My question is, do I have to remove the intake manifold to remove the coils/plugs on an '07 Sentra with an MR20DE? Seems crazy, but I see no other way. If so, will I need a new intake gasket or is the manifold O-ringed?

Thanks, Mike


----------



## PbLead (Aug 8, 2009)

You already at 100k miles?! You have platinum tipped spark plugs and thats how long they last, but if you are already there, you will need an intake gasket, and a throttle gasket (DO NOT UNDER ANY CIRCUMSTANCE CLEAN THE THROTTLE "WHILE YOU ARE HERE" OR EVER). You will need to remove the intake boot (2 band clamps, and a hose connected to the valve cover), then the throttle, (4 8mm bolts and a connector) just move it out of the way, you don't have to dissconnect the coolant lines, then there is a 10mm bolt behind the throttle, take that out. Take off hose off the purge control valve, then disconnect the purge control valve. On the back of the intake towards cylinder 1 there is another 10mm bolt, remove it. Remove the 2 hoses that are there too. Then on the front of the intake, remove the dipstick, then the 5 10mm bolts. And pull it out. Be sure to replace the gaskets before you go back on. Don't forget the 10mm bolt behind the throttle when going back together, it happens all too often.


----------



## danus31 (Aug 10, 2009)

*Help - new to this site?*

How do you start a new post? I just got the free version of this...do you need to pay $ to start new questions?

Thank you

d


----------



## blownb310 (Jun 10, 2002)

PbLead said:


> You already at 100k miles?! You have platinum tipped spark plugs and thats how long they last, but if you are already there, you will need an intake gasket, and a throttle gasket (DO NOT UNDER ANY CIRCUMSTANCE CLEAN THE THROTTLE "WHILE YOU ARE HERE" OR EVER). You will need to remove the intake boot (2 band clamps, and a hose connected to the valve cover), then the throttle, (4 8mm bolts and a connector) just move it out of the way, you don't have to dissconnect the coolant lines, then there is a 10mm bolt behind the throttle, take that out. Take off hose off the purge control valve, then disconnect the purge control valve. On the back of the intake towards cylinder 1 there is another 10mm bolt, remove it. Remove the 2 hoses that are there too. Then on the front of the intake, remove the dipstick, then the 5 10mm bolts. And pull it out. Be sure to replace the gaskets before you go back on. Don't forget the 10mm bolt behind the throttle when going back together, it happens all too often.
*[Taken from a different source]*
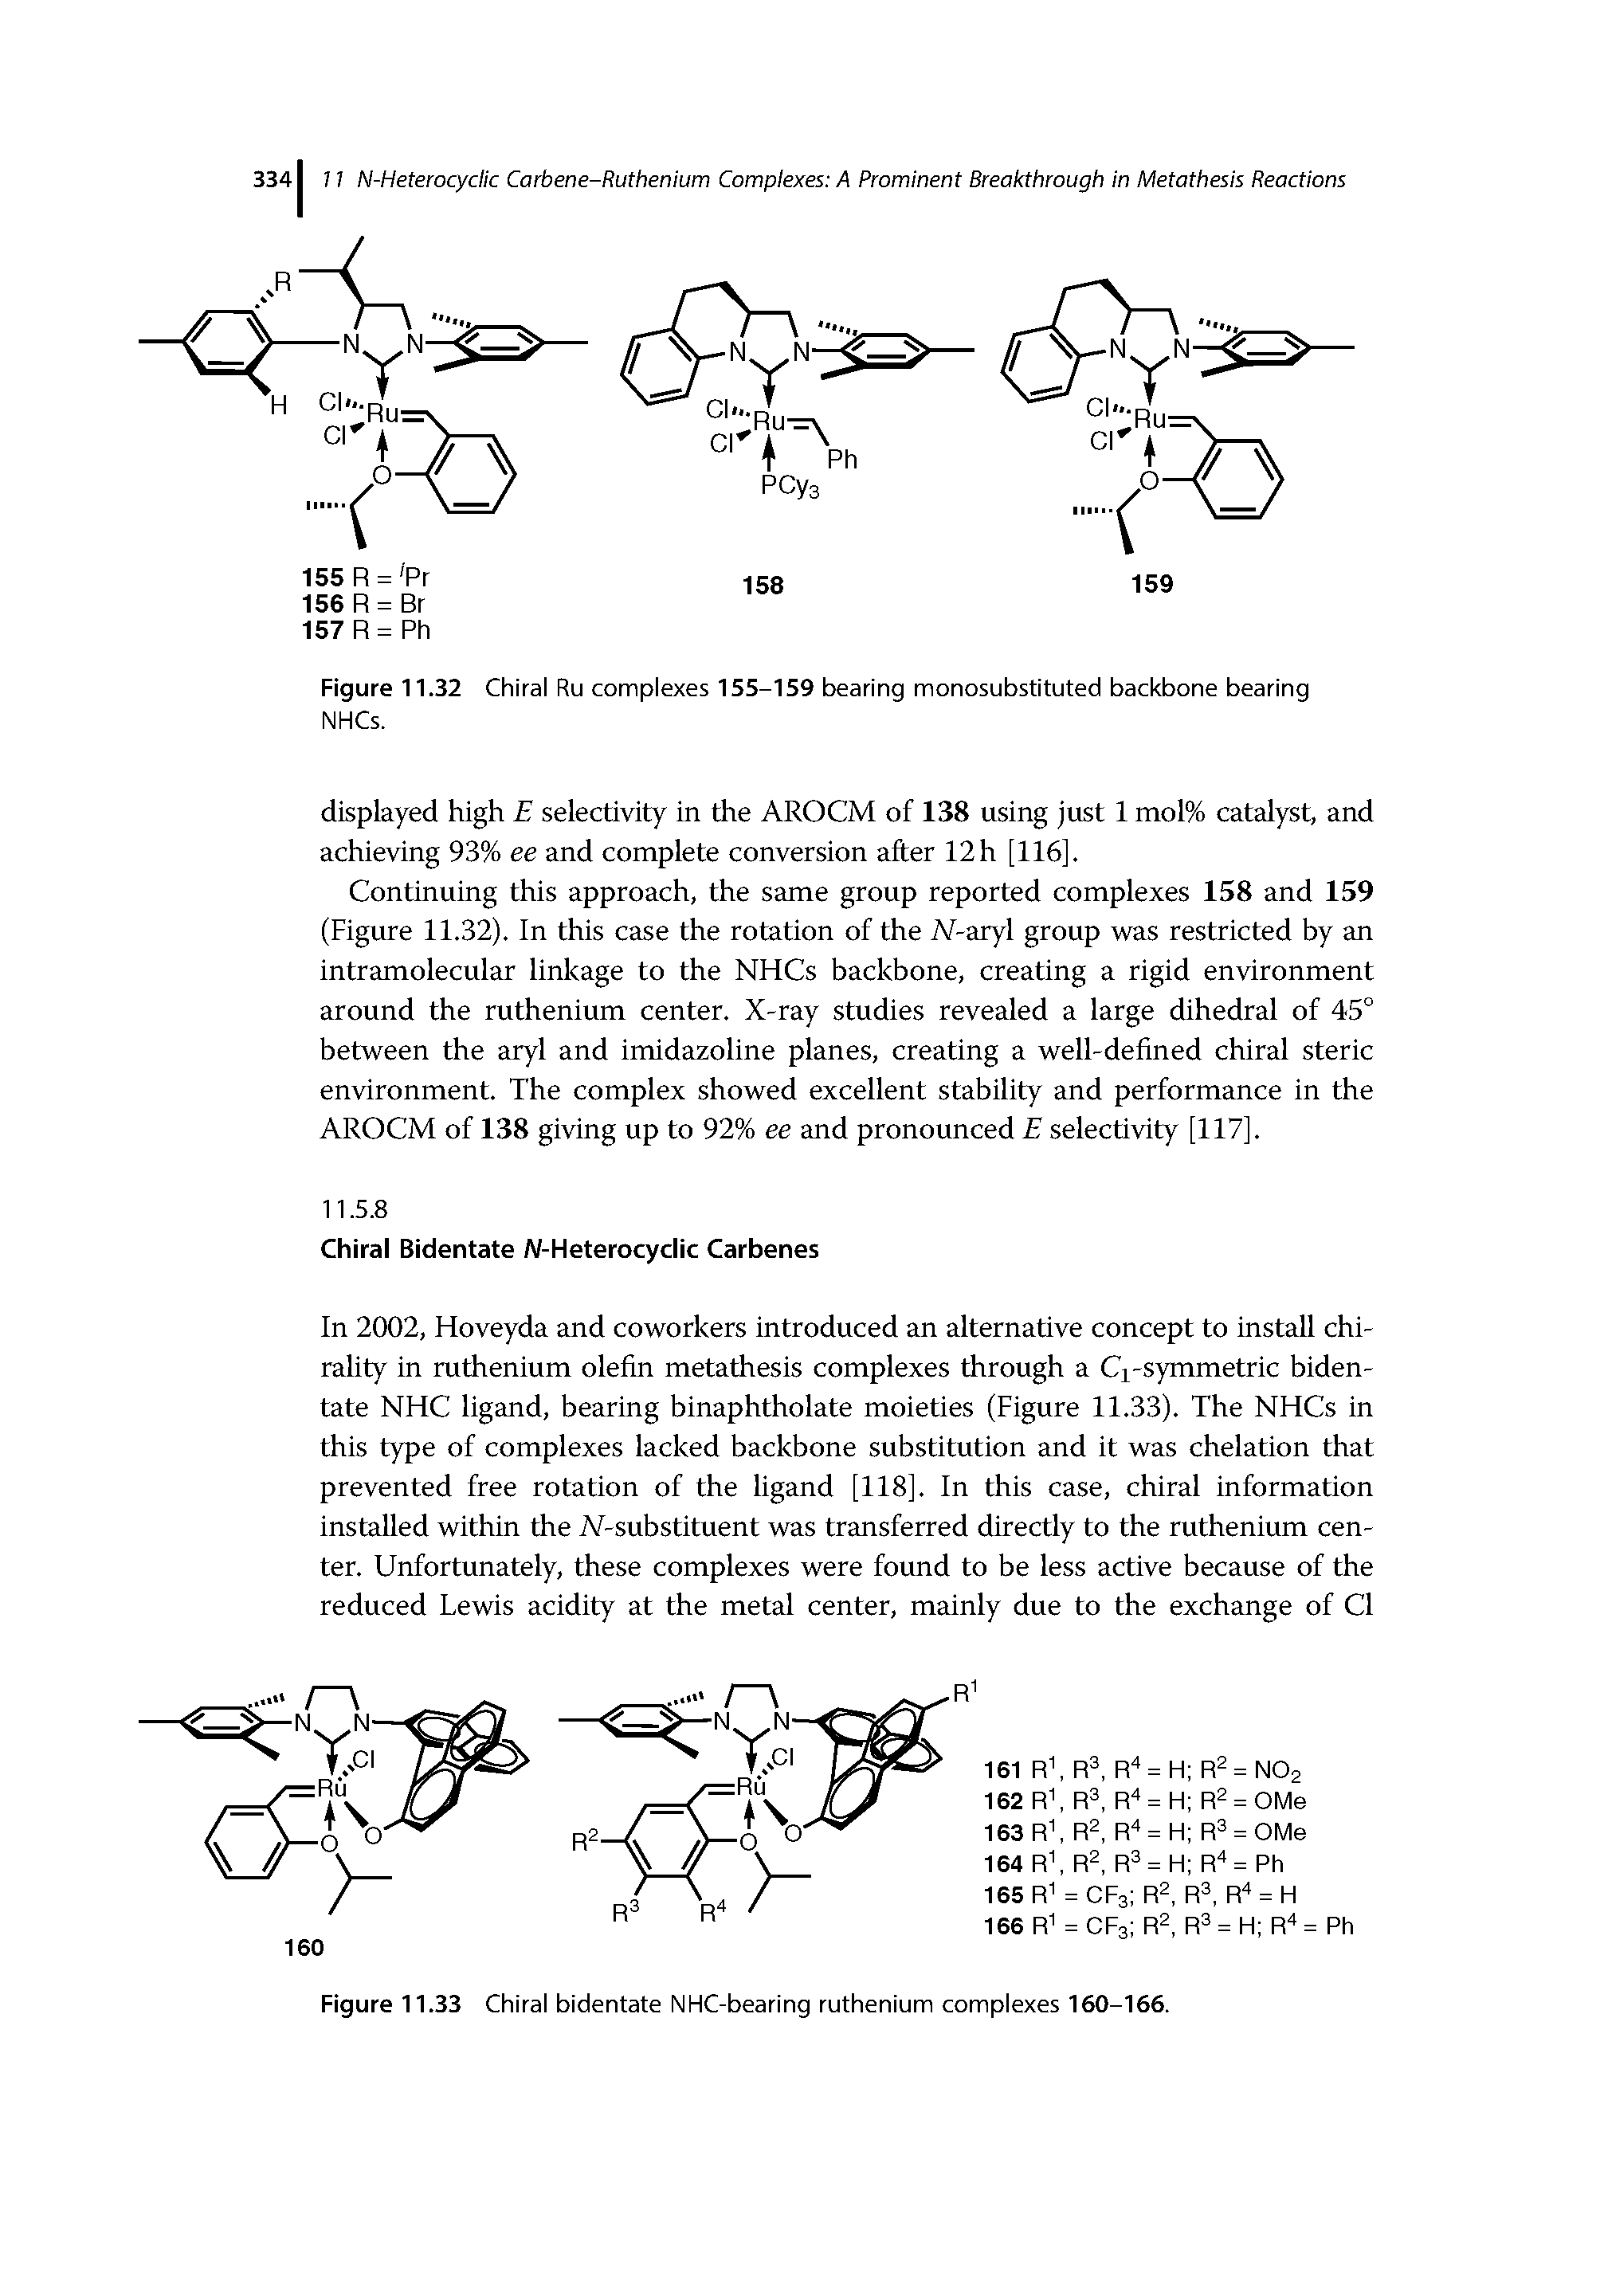 Figure 11.33 Chiral bidentate NHC-bearing ruthenium complexes 160-166.

Excellent reply. Thank you *very* much for the detailed description of the procedure to check/replace spark plugs. Wow the car companies are really going to great lengths in designing their products so the owners can't/won't work on them. That's nothing new, but it seems like it just keeps getting more extreme every year. 

Mike


----------



## PbLead (Aug 8, 2009)

Well it's a new engine design, nissan like all typical japanese manufacturers likes, to put the exhaust at the front of the car, they changed it for the MR engine series. They have limited engine space so they had to put it on the top. Putting the intake in front of the engine, wasn't exactly practical.


----------



## vijay (Aug 11, 2009)

hey how do i post a question? im new on this


----------



## ranger81 (Jul 2, 2009)

vijay said:


> hey how do i post a question? im new on this


If you wish to post a question in this thread click reply and type your ? in the box and click submit reply. Easy as falling off a log. :banana:

danus, go to b16 home page click new topic, type away and click submit. No money needed unless you want to send me some.......


----------



## vijay (Aug 11, 2009)

*E15 engine*

hey ive got a stock E15 engine in a b12 sentra, can i just install the E15 turbo to it without doing any changes, like changing pistons etc? or will i have to make changes before I install the turbo?


----------



## soundman (May 1, 2004)

you might want to go to the b11/b12/b13 section witht that question


----------